Когда Джонатан вернулся за своей женой, он похлопал Гая по спине, поздравил с тем, что тот женился на такой очаровательной девушке, стал танцевать с Андрианной и улыбнулся.
— Теперь я знаю, почему я Эшли Уилкинс. Потому что он Рет Батлер.
Но потом, когда она начала протестовать, что он, а не Гай был лучшим мужчиной в ее жизни, Джонатан пошел на попятный.
— Я имел в виду только внешнее сходство — темные волосы, усы, белый костюм. И присущая южным итальянцам худоба, если я когда-нибудь видел хоть одного.
Андрианна подумала, что Гай был не прав. Самая мудрая не она, а ее супруг.

 

Ее глазам предстала картина отплясывающих Николь и Гая. Невероятно! Она была уверена, что Николь никогда так не танцевала.
Но та сегодня, кажется, не очень контролировала себя. Возможно, из-за шампанского, возможно, из-за витавших в воздухе чудесных флюидов. Или это просто ее Эдвард, с застывшей на губах улыбкой неподвижно сидевший за одним из круглых столиков, подстрекал ее к подобного рода развлечениям?
Николь, такая потерянная сегодня, что говорила о Джонатане как двадцать лет назад:
— О, Энн! Он очень ох-ох, ля-ля… И я так рада за тебя.
Андрианна была по-настоящему тронута словами Николь. И когда та потом с энтузиазмом выразилась о браке Гая с Пенни: «Это грандиозно», она поняла, что Николь по-настоящему потерянная. Всего неделю назад грядущая свадьба была всего-навсего «рядовой» вечеринкой.
Фотографии…
Она танцует с Джино. Джино, все еще симпатичный, несмотря на годы.
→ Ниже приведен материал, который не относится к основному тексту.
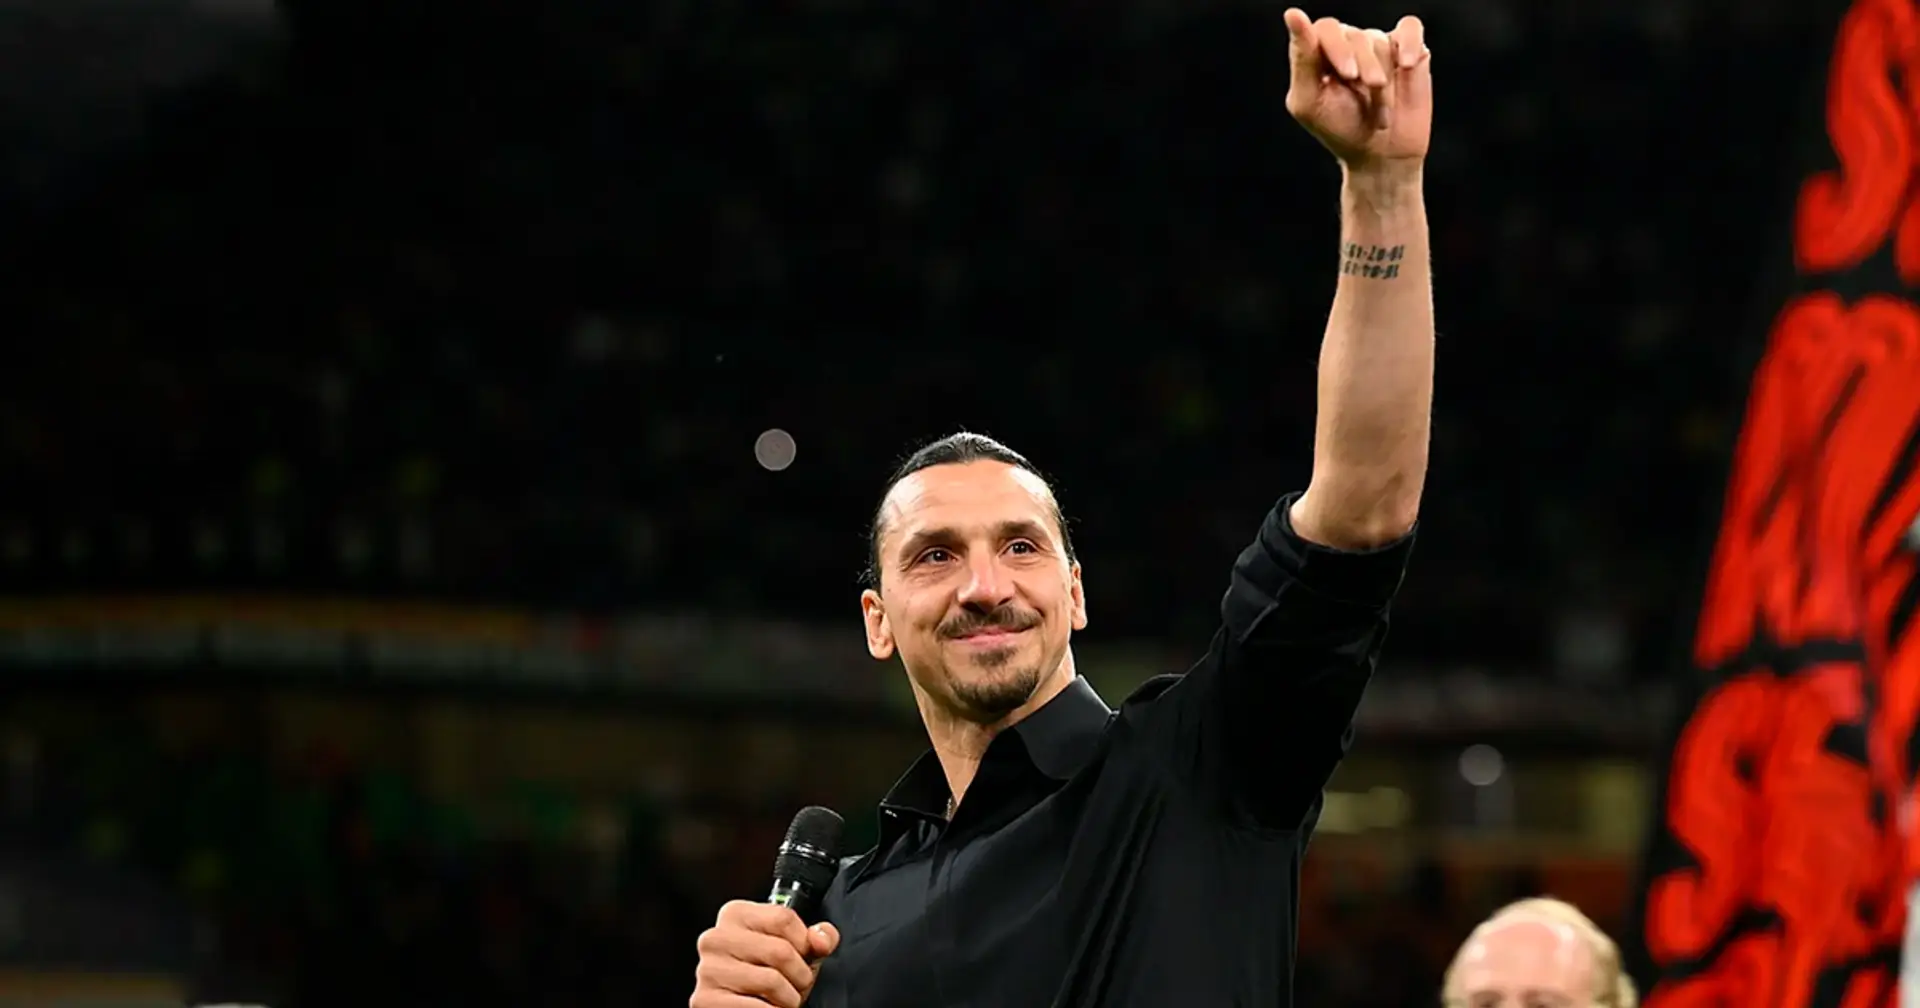 Zlatan zu den gegnerischen Fans: "Buht weiter. Das ist der größte Moment in eurem Jahr, da ihr mich gesehen habt"

Его черные волосы поседели, но были невероятно привлекательны, как у пожилого Марчелло Мастрояни.
— Как твои дела, малютка Энни? Как здоровье? Ремиссия?
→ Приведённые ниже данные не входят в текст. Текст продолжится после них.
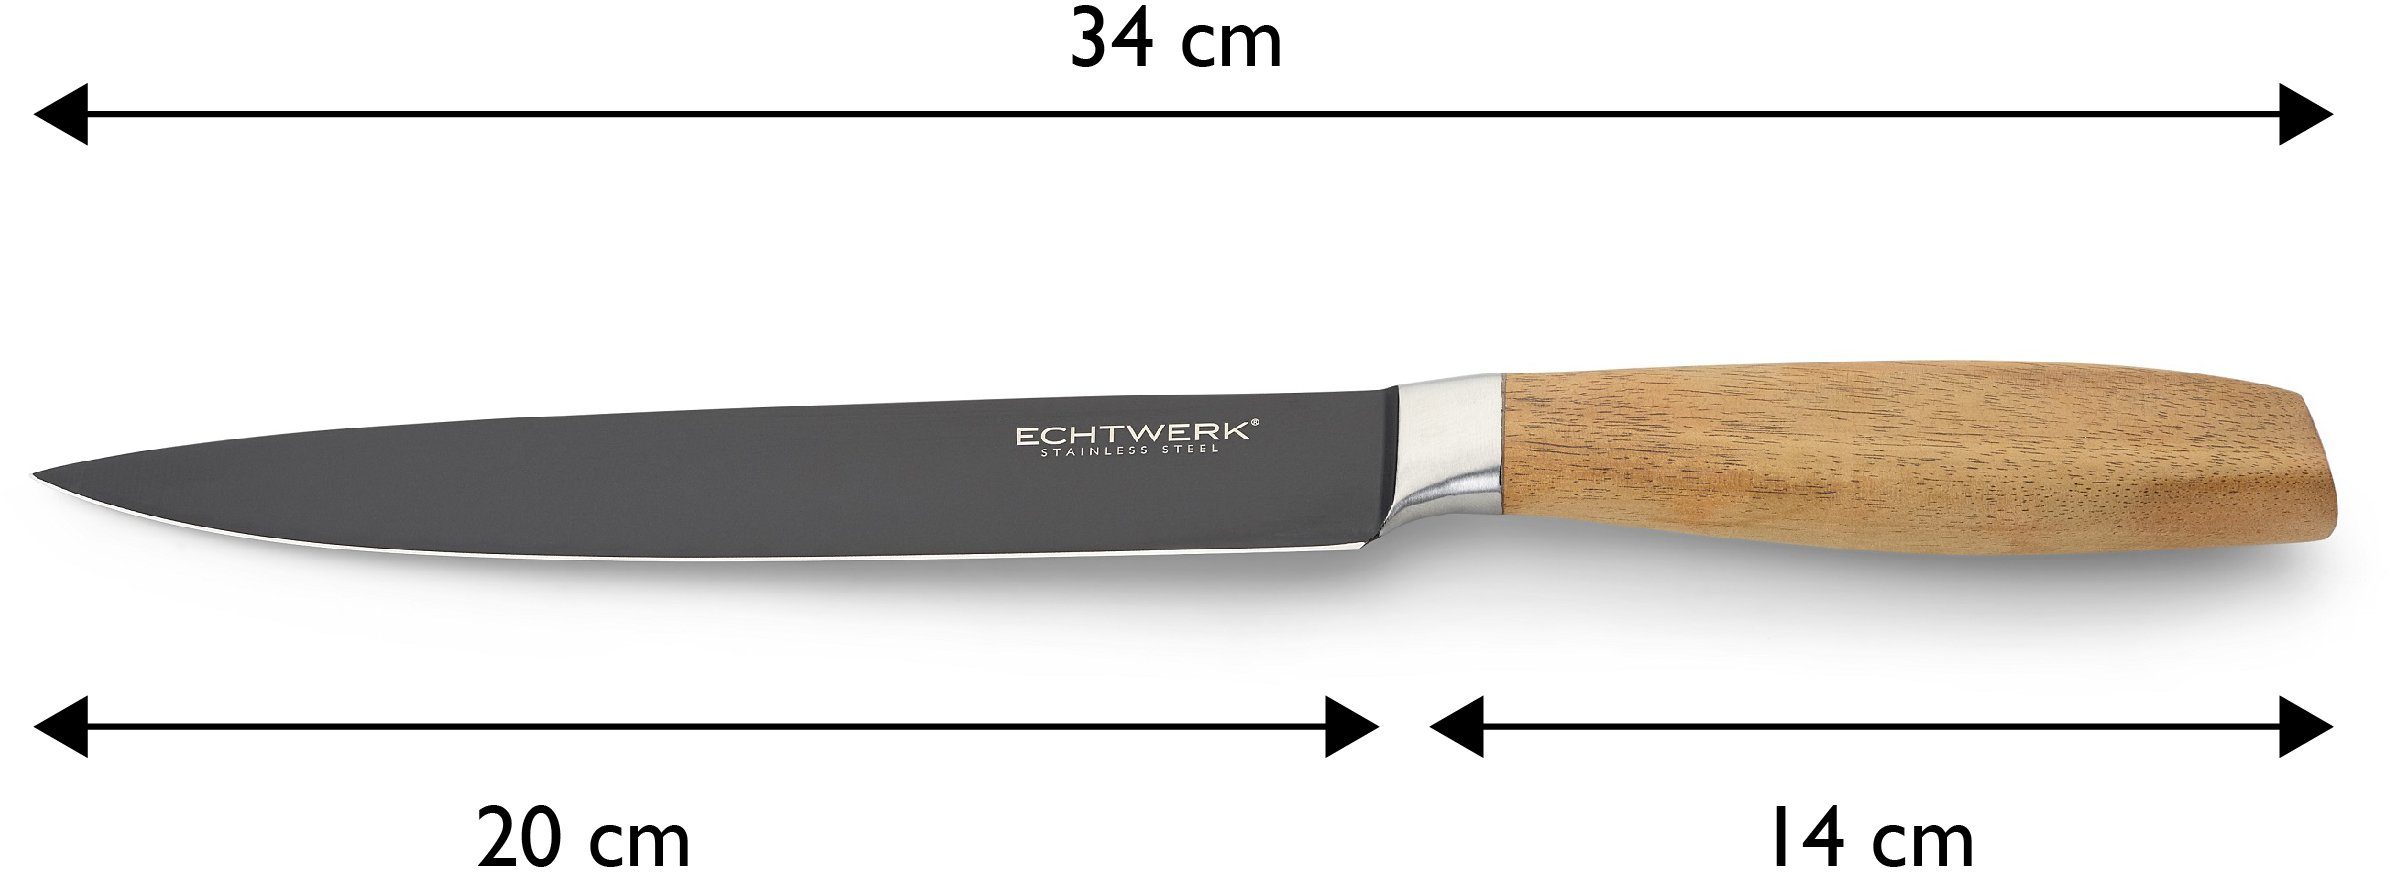 ECHTWERK Akazienholzgriff, Classic, aus Black-Edition, 20 hochwertigem Stahl, cm Fleischmesser

— Все прекрасно, Джино. Ремиссия еще держится… очень крепко!!
— Отлично! Прекрасно!
Танцуя, он крепко прижимал Андрианну к себе. Слишком крепко. И посылал ей сигналы, вызывающие волнующие ощущения, пока она не поняла, что это всего лишь старые ощущения… Туманные воспоминания устраивают фокусы…
Вдруг Джино раздраженно сказал:
— Сегодняшняя свадьба… ужасная ошибка.
— Почему ты так говоришь?
— Твоя подруга… эта Пенни. Она не для Гая.
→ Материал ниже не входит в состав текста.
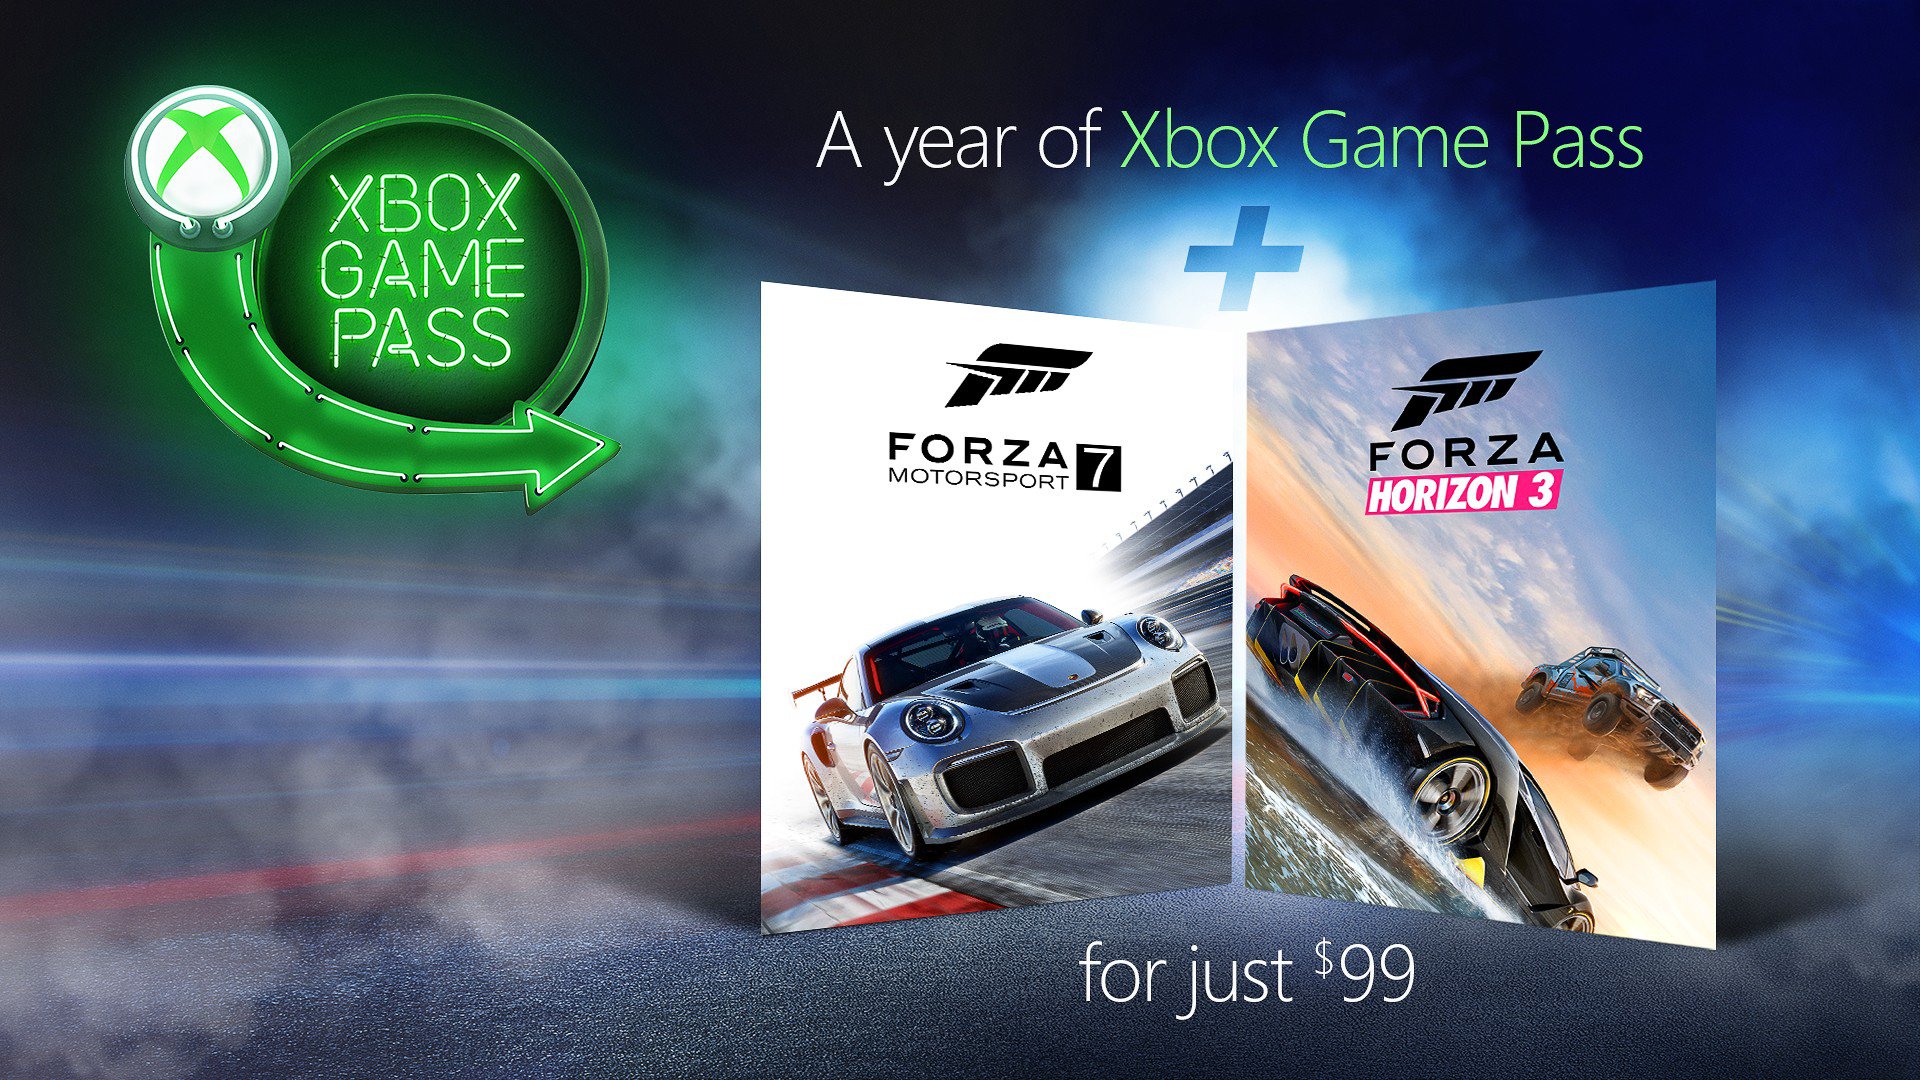 Xbox Game Pass Trial 1 měsíc 2

— Она очень любит его, а он ее. Оставь их в покое, Джино.
Насколько она помнила, он поднимал брови все так же грозно.
— Думаешь, я вмешаюсь?
Но теперь она была старше и не испугалась:
— Да, я считаю, что ты можешь.
— Я просто желаю Гаэтано счастья и хочу, чтобы он был настоящим мужчиной.
— Тогда оставь его. Оставь их обоих, Джино, и, может быть, они удивят тебя.
— Нет, — он убежденно покачал головой. — Эта женитьба — ошибка. Отец… мать. Техасцы! Все они заботятся только о грандиозности! Нет. Вместе должны быть вы с Гаем, малютка Энни…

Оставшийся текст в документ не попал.